**Data block:**
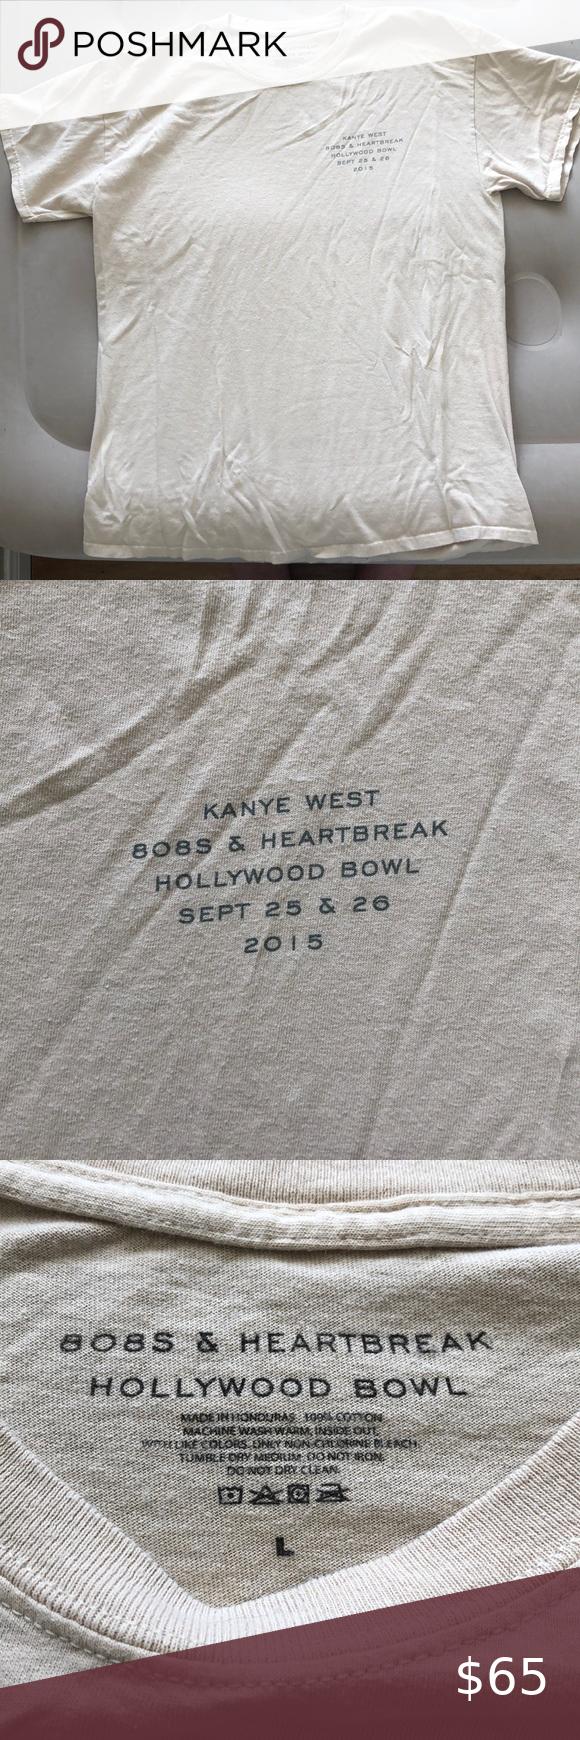 Kanye West 808s And Heartbreak Tour Merch T Shirt In 2020 Tour Merch Kanye West Kanye
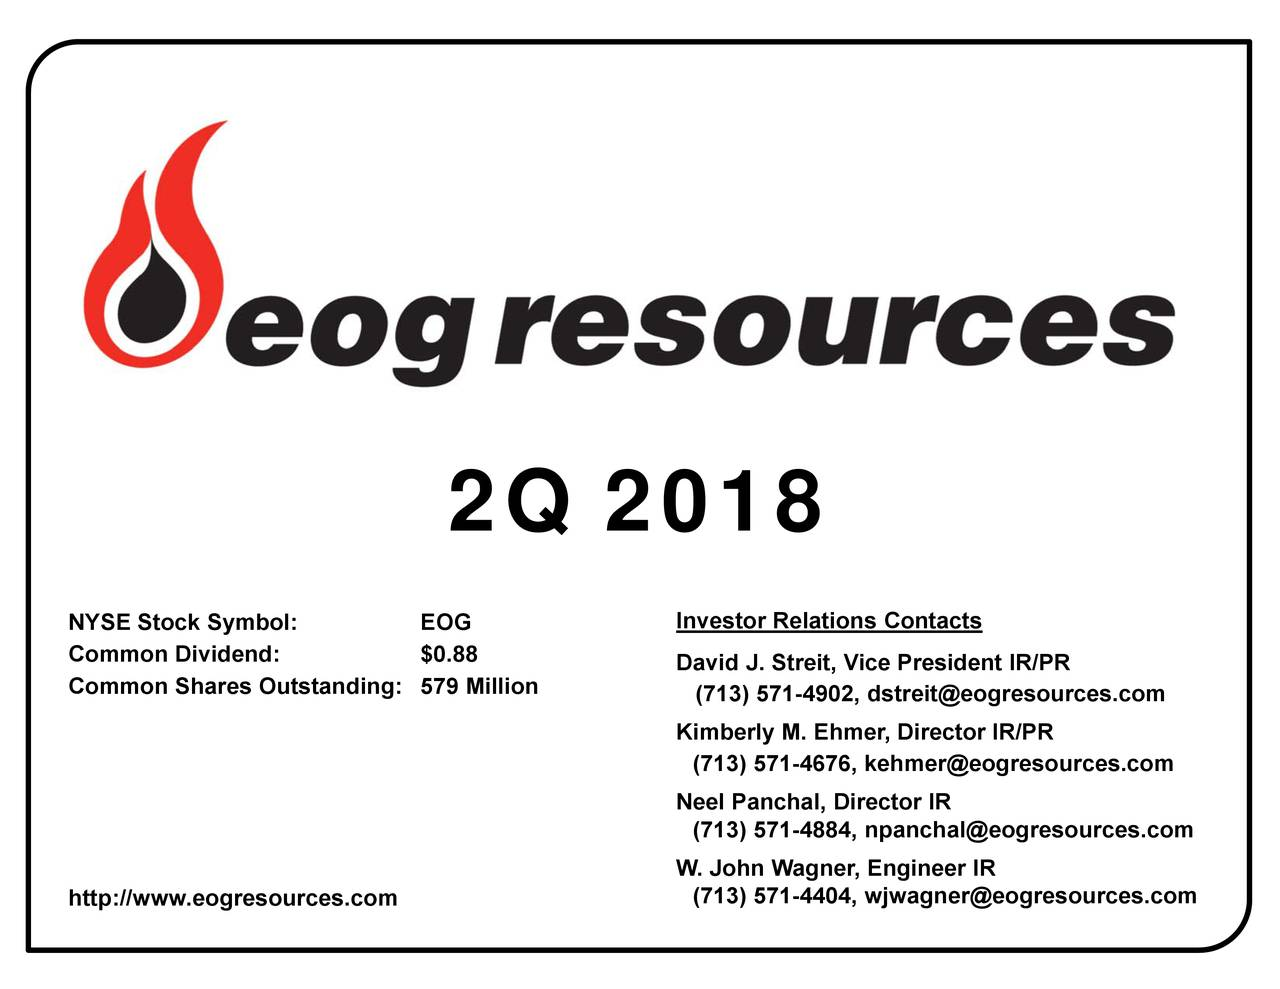 InvestviRe.SirnleMinW. John Wagner, Engineer IR 2Q 2018 NYCSoCStockDymibold: Ohtttn/dngGe.88esoilces.com
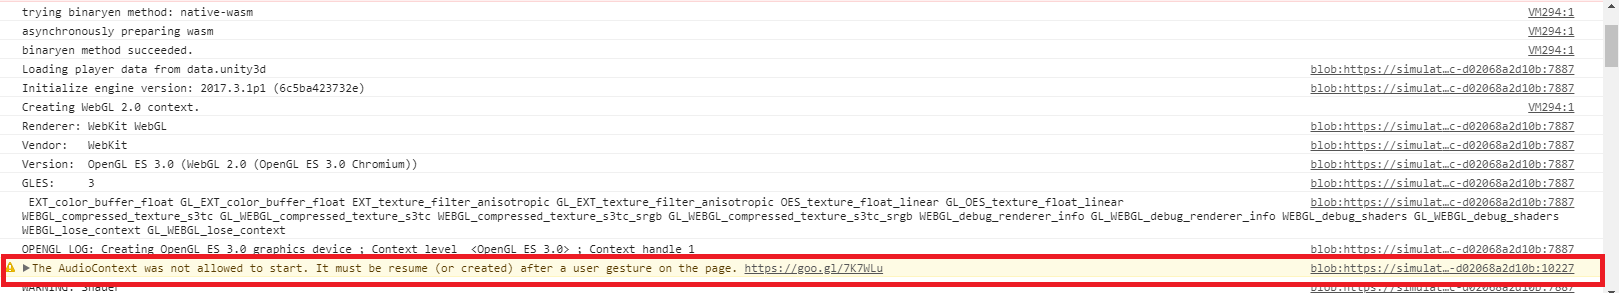 chrome_blocking_audio.png
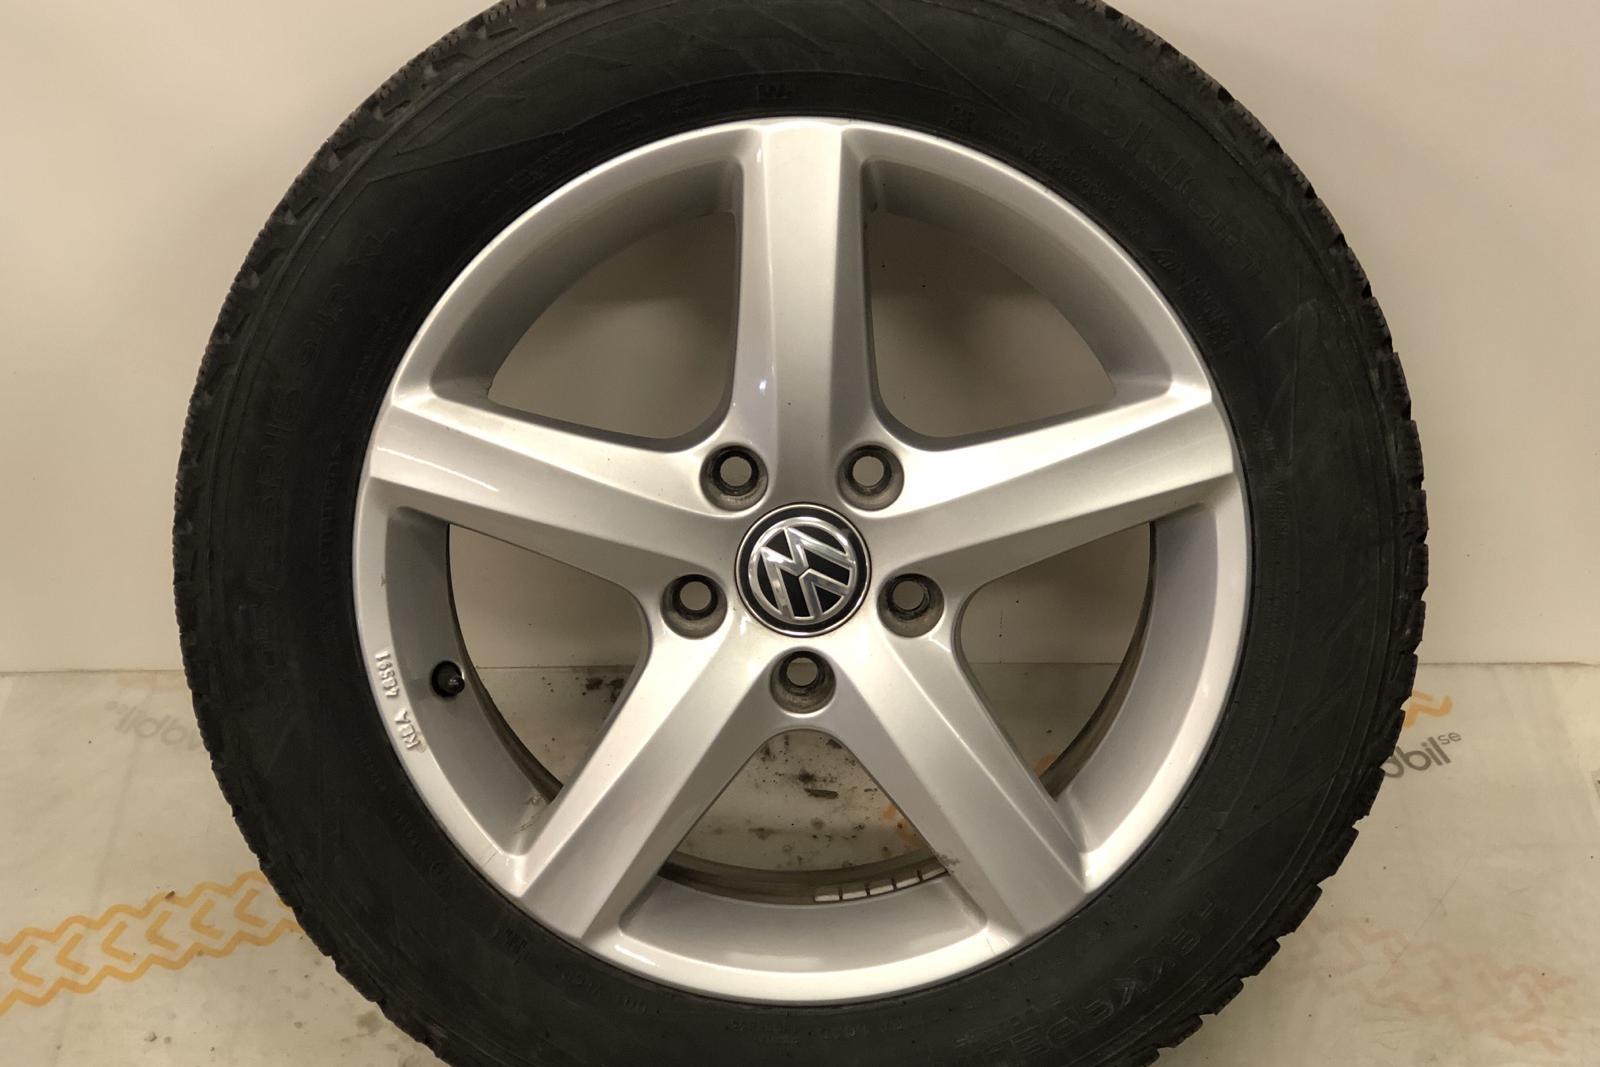 VW Golf VII 1.4 Plug-in-Hybrid 5dr (204hk) - 5 500 mil - Automat - grå - 2015

**Required work:**
Please ensure that the data above is repeated exactly, with no pictures in the copy.

**Result of the task:**
 Kanye West 808s And Heartbreak Tour Merch T Shirt In 2020 Tour Merch Kanye West Kanye
 InvestviRe.SirnleMinW. John Wagner, Engineer IR 2Q 2018 NYCSoCStockDymibold: Ohtttn/dngGe.88esoilces.com
 chrome_blocking_audio.png
 VW Golf VII 1.4 Plug-in-Hybrid 5dr (204hk) - 5 500 mil - Automat - grå - 2015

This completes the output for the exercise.